↓↓↓
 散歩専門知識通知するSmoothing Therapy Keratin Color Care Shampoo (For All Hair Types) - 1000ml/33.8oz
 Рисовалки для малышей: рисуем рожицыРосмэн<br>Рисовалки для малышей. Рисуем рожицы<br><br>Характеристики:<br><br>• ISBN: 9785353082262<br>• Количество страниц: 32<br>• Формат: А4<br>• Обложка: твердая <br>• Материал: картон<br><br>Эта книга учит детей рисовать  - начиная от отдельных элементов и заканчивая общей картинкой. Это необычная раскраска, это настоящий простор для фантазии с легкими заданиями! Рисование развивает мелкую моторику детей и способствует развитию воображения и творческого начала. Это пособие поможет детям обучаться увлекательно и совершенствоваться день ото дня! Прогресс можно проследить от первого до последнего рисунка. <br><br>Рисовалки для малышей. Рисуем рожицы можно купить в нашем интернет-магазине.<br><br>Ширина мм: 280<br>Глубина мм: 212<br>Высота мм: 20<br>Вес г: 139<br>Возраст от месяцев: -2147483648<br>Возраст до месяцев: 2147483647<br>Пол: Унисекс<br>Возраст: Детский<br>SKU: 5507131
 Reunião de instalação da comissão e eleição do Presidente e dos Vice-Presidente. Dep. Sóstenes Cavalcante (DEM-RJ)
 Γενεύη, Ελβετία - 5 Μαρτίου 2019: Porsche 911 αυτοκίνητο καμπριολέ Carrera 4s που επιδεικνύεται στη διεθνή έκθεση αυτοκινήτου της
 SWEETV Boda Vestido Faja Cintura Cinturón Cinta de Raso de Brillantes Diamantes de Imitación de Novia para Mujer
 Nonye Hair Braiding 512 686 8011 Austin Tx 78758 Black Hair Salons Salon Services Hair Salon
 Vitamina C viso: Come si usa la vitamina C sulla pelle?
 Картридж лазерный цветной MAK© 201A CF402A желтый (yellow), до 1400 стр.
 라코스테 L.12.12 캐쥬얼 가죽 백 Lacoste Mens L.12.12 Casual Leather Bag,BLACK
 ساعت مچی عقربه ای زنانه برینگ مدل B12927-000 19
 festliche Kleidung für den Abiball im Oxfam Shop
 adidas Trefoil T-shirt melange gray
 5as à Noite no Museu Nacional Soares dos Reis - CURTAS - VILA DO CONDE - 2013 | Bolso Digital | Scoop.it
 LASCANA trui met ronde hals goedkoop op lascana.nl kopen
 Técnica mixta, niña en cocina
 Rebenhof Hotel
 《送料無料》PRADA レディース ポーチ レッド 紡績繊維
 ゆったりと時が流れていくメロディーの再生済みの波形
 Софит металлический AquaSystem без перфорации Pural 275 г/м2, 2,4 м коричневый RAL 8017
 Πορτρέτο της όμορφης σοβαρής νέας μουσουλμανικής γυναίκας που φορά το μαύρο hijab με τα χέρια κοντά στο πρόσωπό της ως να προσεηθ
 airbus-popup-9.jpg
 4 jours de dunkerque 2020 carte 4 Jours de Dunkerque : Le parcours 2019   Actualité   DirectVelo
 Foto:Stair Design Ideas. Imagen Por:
↑↑↑
[DESCRIPTION OF THE TASK]: Nothing should appear in the answer except the lines above from the line with "Картридж лазерный цветной" through the line with "adidas Trefoil T-shirt melange gray", both included, written out exactly.

[RESPONSE FOR THIS EXERCISE]:
 Картридж лазерный цветной MAK© 201A CF402A желтый (yellow), до 1400 стр.
 라코스테 L.12.12 캐쥬얼 가죽 백 Lacoste Mens L.12.12 Casual Leather Bag,BLACK
 ساعت مچی عقربه ای زنانه برینگ مدل B12927-000 19
 festliche Kleidung für den Abiball im Oxfam Shop
 adidas Trefoil T-shirt melange gray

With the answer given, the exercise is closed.